Extract precisely the lines of the entries below, from the first line through the line containing "Dossiers du Personnel".

+---+

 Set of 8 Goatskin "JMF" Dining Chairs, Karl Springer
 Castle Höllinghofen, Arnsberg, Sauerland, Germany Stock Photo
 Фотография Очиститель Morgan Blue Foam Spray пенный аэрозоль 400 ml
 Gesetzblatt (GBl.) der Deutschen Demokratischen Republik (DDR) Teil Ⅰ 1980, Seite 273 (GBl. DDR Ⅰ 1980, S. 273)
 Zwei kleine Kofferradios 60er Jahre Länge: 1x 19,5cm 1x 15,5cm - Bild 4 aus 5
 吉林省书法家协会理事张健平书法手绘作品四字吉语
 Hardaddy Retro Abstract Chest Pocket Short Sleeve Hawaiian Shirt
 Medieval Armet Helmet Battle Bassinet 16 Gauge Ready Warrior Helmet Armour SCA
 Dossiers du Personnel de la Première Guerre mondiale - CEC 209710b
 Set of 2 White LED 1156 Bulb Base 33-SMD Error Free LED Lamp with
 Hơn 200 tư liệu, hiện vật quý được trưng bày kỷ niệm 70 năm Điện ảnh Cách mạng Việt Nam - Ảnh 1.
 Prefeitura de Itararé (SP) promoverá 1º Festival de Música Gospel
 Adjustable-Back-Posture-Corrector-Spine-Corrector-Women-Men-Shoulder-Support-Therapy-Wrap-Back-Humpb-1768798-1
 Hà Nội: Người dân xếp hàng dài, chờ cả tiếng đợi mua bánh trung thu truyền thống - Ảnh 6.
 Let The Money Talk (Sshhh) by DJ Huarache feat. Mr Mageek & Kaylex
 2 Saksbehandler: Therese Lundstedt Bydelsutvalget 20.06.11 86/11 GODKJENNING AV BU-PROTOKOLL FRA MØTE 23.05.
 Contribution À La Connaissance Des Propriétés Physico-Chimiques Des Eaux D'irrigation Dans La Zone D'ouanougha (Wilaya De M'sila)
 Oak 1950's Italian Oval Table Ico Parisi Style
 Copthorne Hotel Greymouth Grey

+---+

» **EXERCISE OUTPUT**
 Set of 8 Goatskin "JMF" Dining Chairs, Karl Springer
 Castle Höllinghofen, Arnsberg, Sauerland, Germany Stock Photo
 Фотография Очиститель Morgan Blue Foam Spray пенный аэрозоль 400 ml
 Gesetzblatt (GBl.) der Deutschen Demokratischen Republik (DDR) Teil Ⅰ 1980, Seite 273 (GBl. DDR Ⅰ 1980, S. 273)
 Zwei kleine Kofferradios 60er Jahre Länge: 1x 19,5cm 1x 15,5cm - Bild 4 aus 5
 吉林省书法家协会理事张健平书法手绘作品四字吉语
 Hardaddy Retro Abstract Chest Pocket Short Sleeve Hawaiian Shirt
 Medieval Armet Helmet Battle Bassinet 16 Gauge Ready Warrior Helmet Armour SCA
 Dossiers du Personnel de la Première Guerre mondiale - CEC 209710b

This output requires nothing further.